O índice de preços na habitação do INE subiu 7,8% no segundo trimestre, em termos homólogos, um período marcado pelo estado de emergência e as medidas de confinamento, mas o ritmo de subida nos preços das baixas perdeu velocidade, já que no primeiro trimestre tinham aumentado mais de 10% em relação ao mesmo período do ano anterior.

Os dados foram divulgados esta terça-feira pelo Instituto Nacional de Estatística (INE). Mesmo na comparação em relação ao trimestre anterior, “o índice “aumentou 0,8% (4,9% no 1º trimestre de 2020). Neste período, o crescimento dos preços das habitações novas superou o das habitações existentes, 1,2% e 0,7%, respetivamente”, diz o INE.

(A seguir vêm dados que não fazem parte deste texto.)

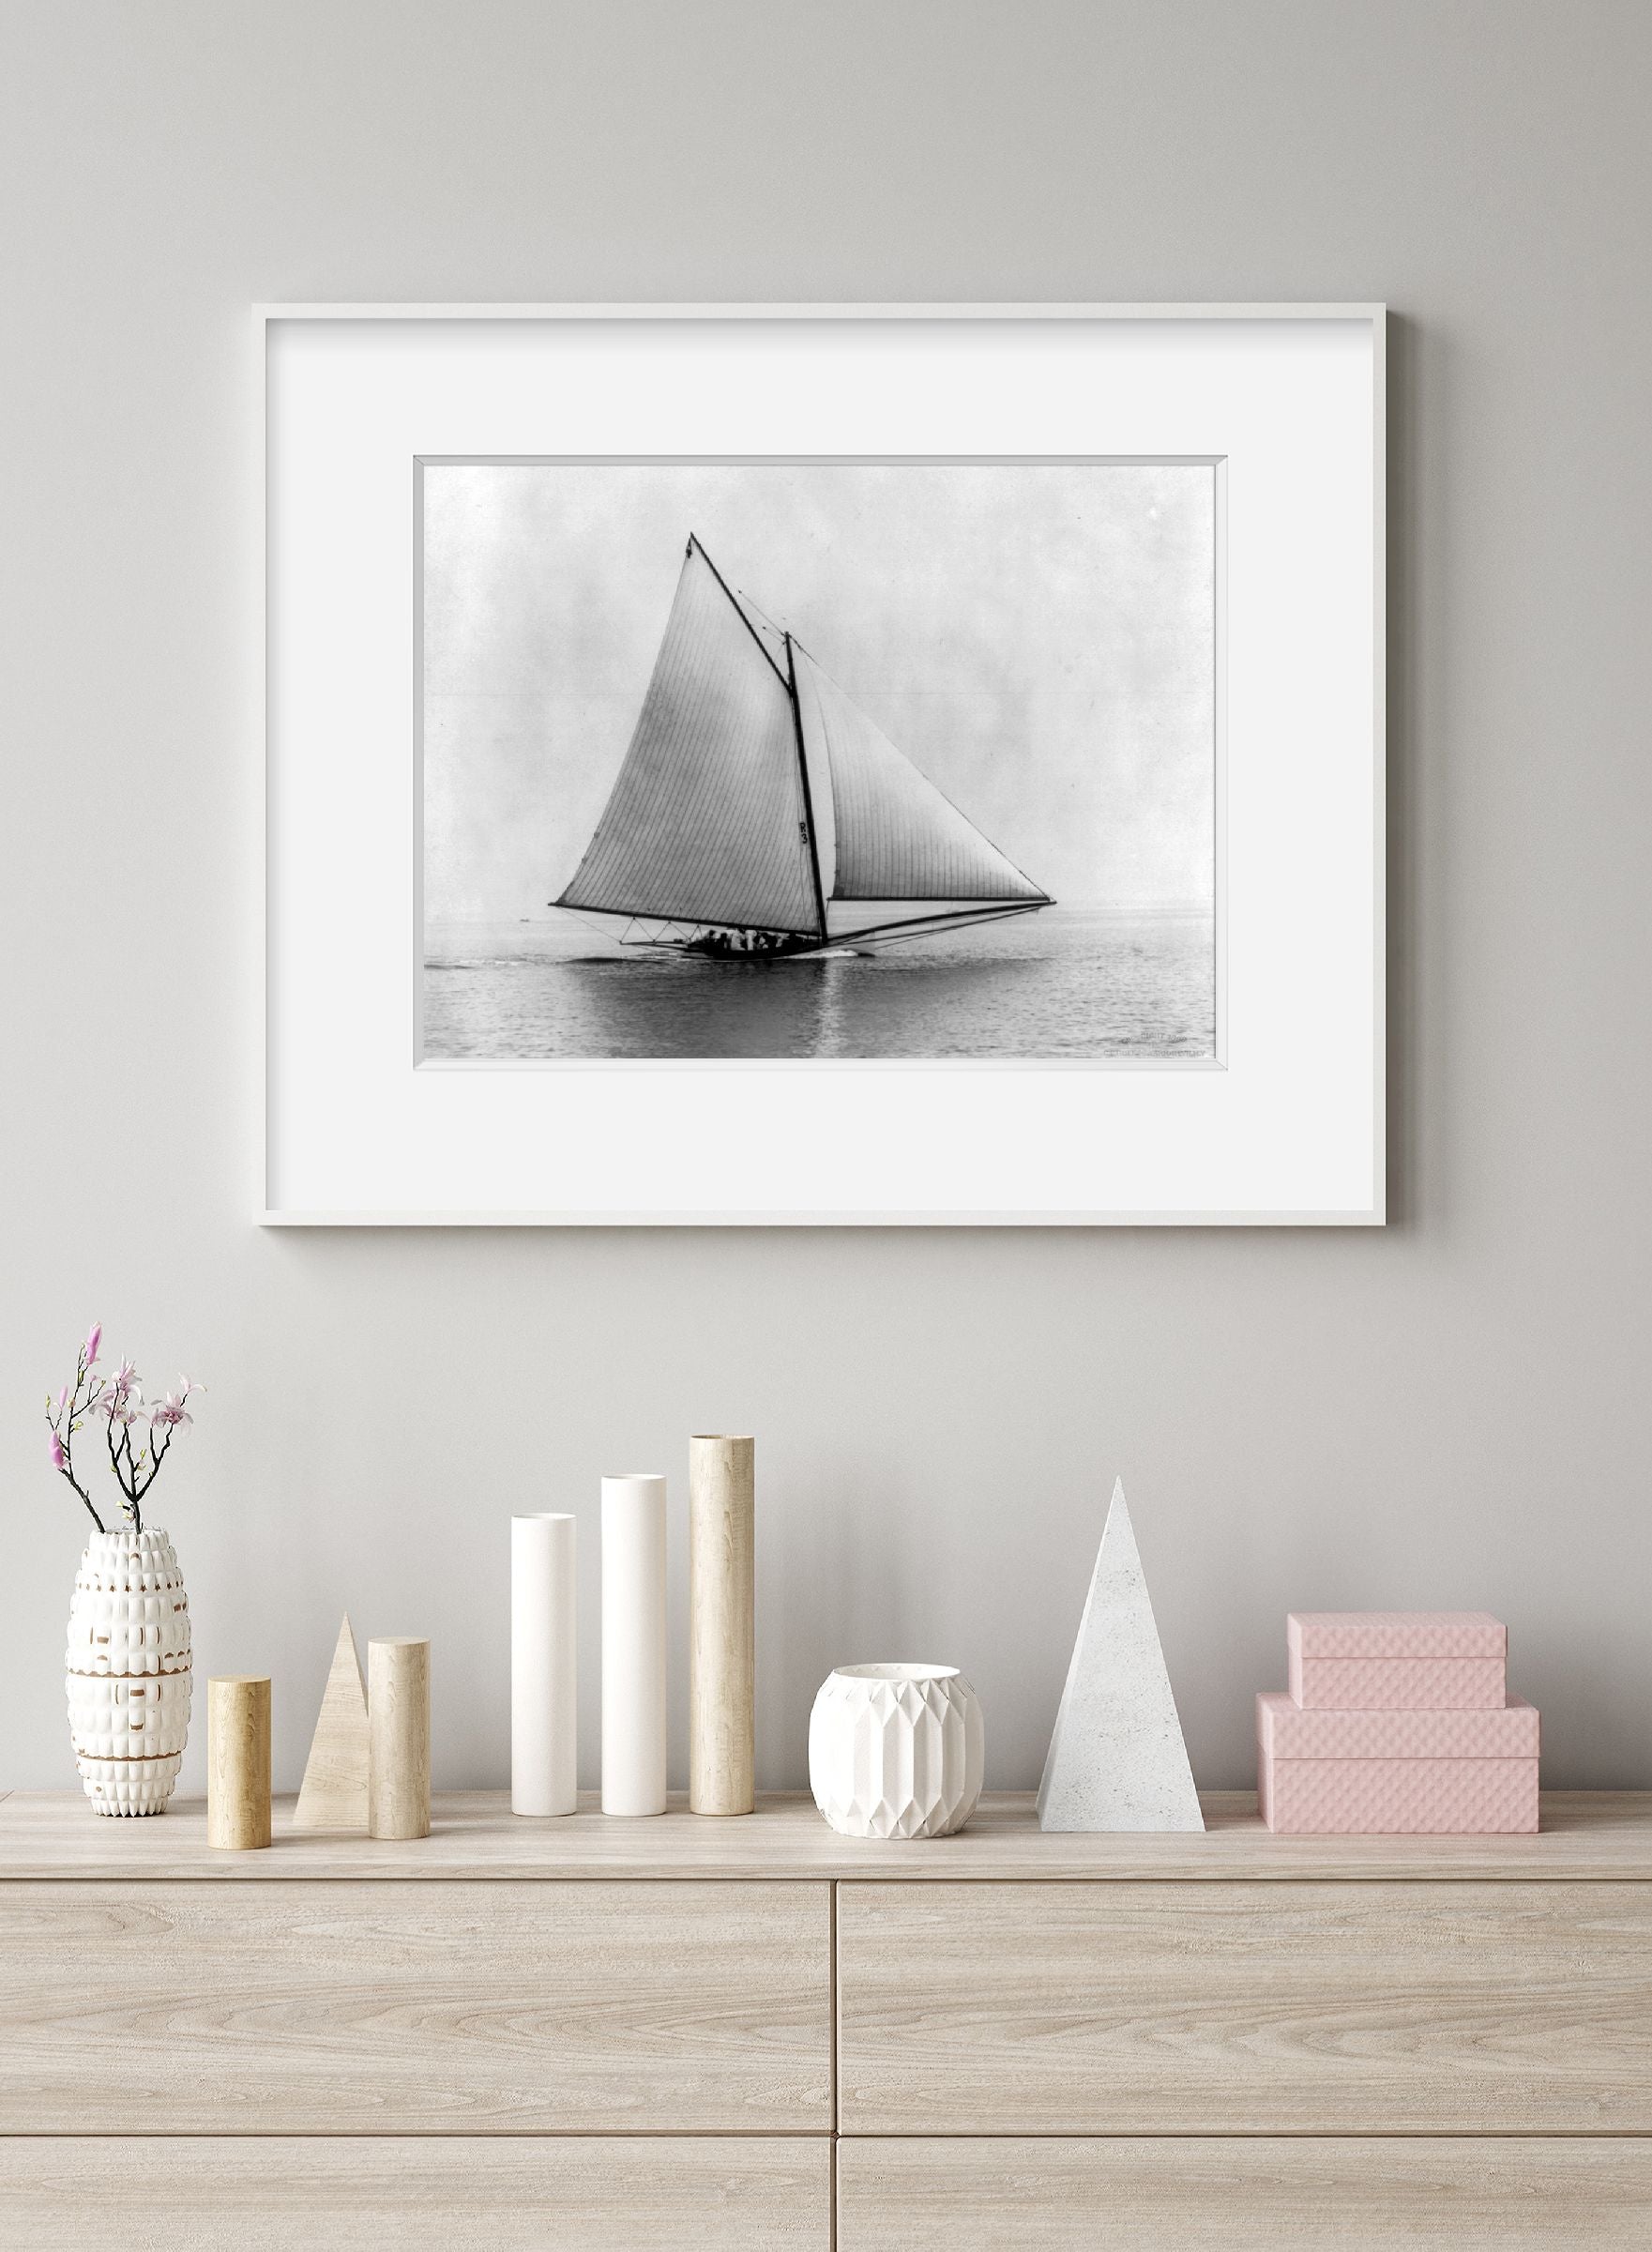 Photo: E.Z. SLOAT, broadside, boat, sail, ship, c1899
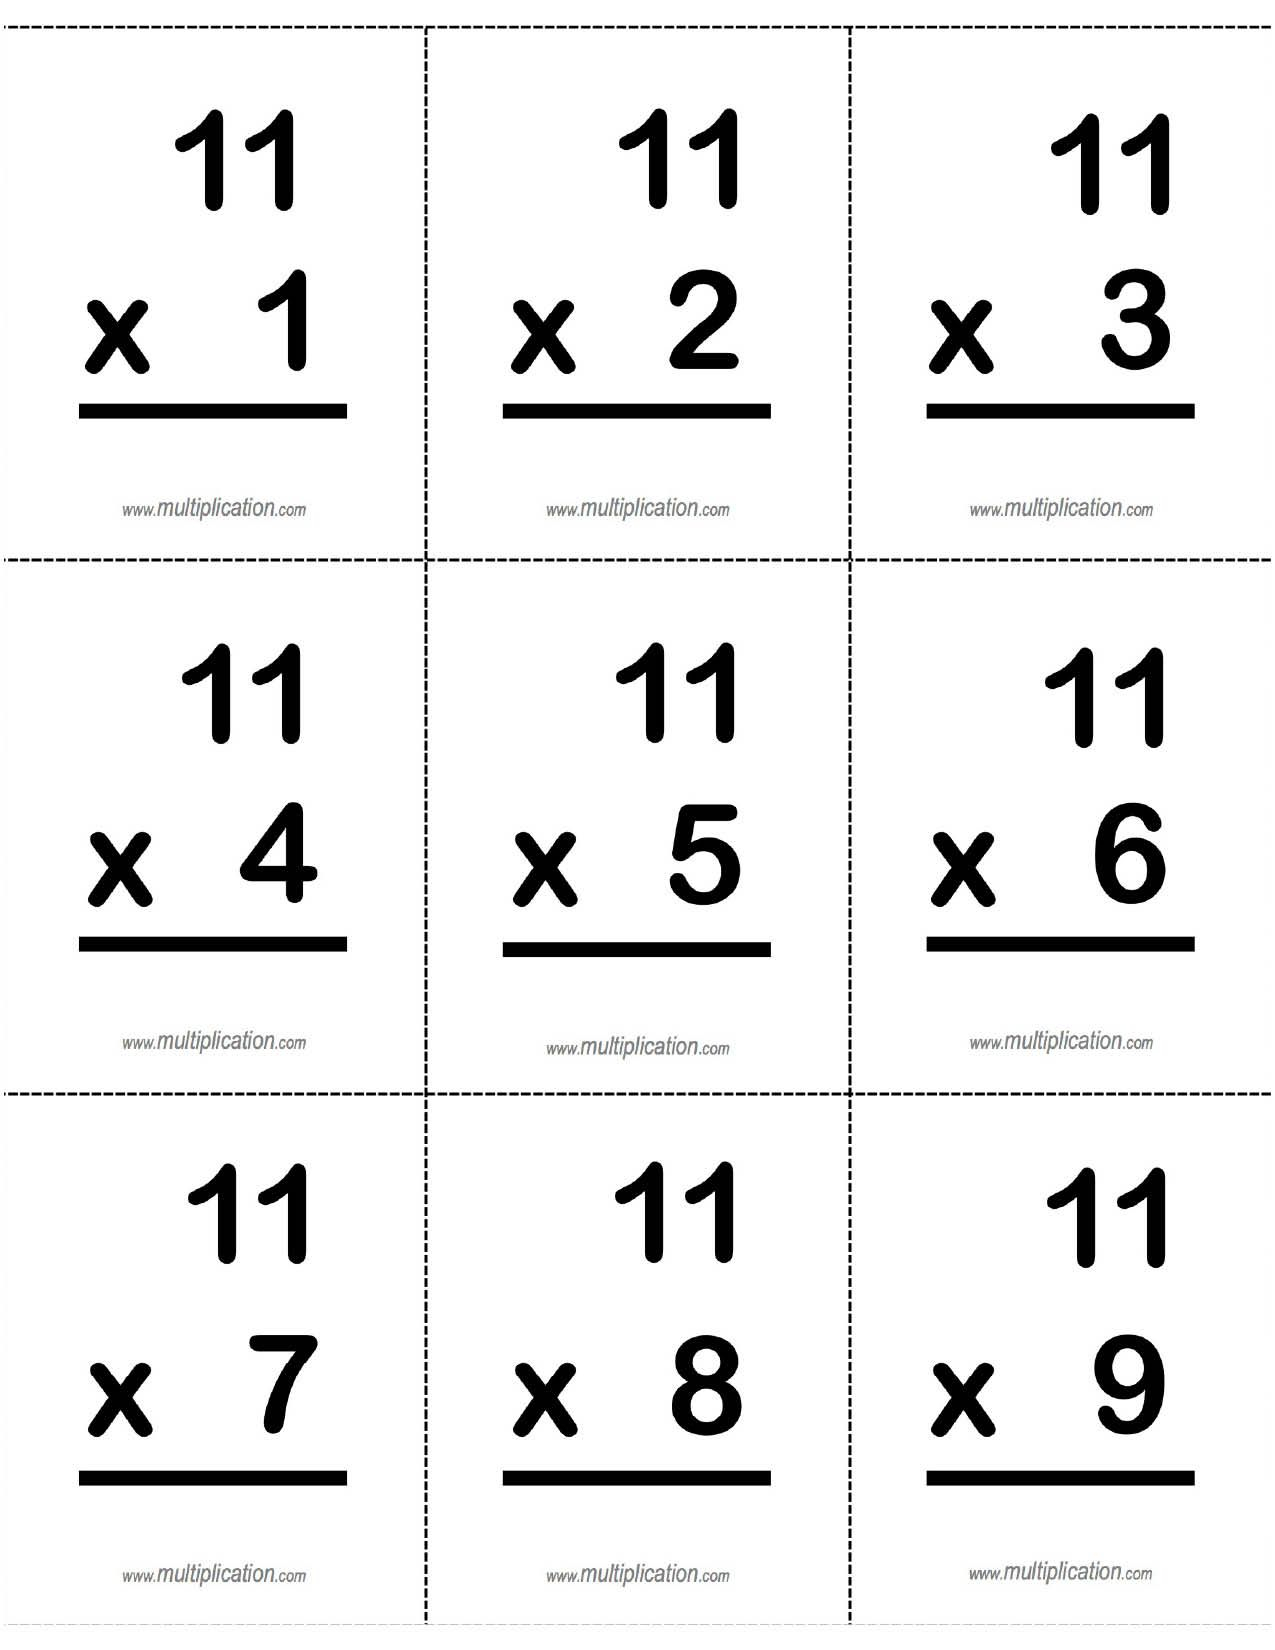 free-multiplication-flash-cards-printable-front-and-back-printablemultiplication

Segundo os números do INE, entre abril e junho de 2020 foram transacionados 33.398 alojamentos com um valor total de 5,1 mil milhões de euros, o que representa uma redução, face ao mesmo período do ano anterior, de 21,6% e 15,2%, respetivamente”. Como seria de esperar, o mês de abril foi aquele que registou a diminuição mais intensa nas transações, 35,2% no número e 25% no valor. Mas em “maio e junho observaram-se variações menos negativas, de -22,0% e -7,6%, respetivamente, no número de transações, e de -14,2% e -7,0% do respetivo valor, pela mesma ordem”, informa o gabinete de estatísticas.

Índice de preços na habitação em taxa de variação homóloga

Fonte: INE

O efeito do confinamento e as medidas impostas pelo estado de emergência levaram a que o INE registasse a taxa de variação (homóloga) mais baixa desde o quarto trimestre de 2016.

O estudo do INE indica que foram transacionadas neste período 11.713 habitações na Área Metropolitana de Lisboa e 9.592 no Norte do país. No Centro houve 6.392 transações, no Alentejo 2.293 transações e no Algarve 2.323 – a região de Portugal Continental que registou a maior quebra no peso relativo entre as várias regiões.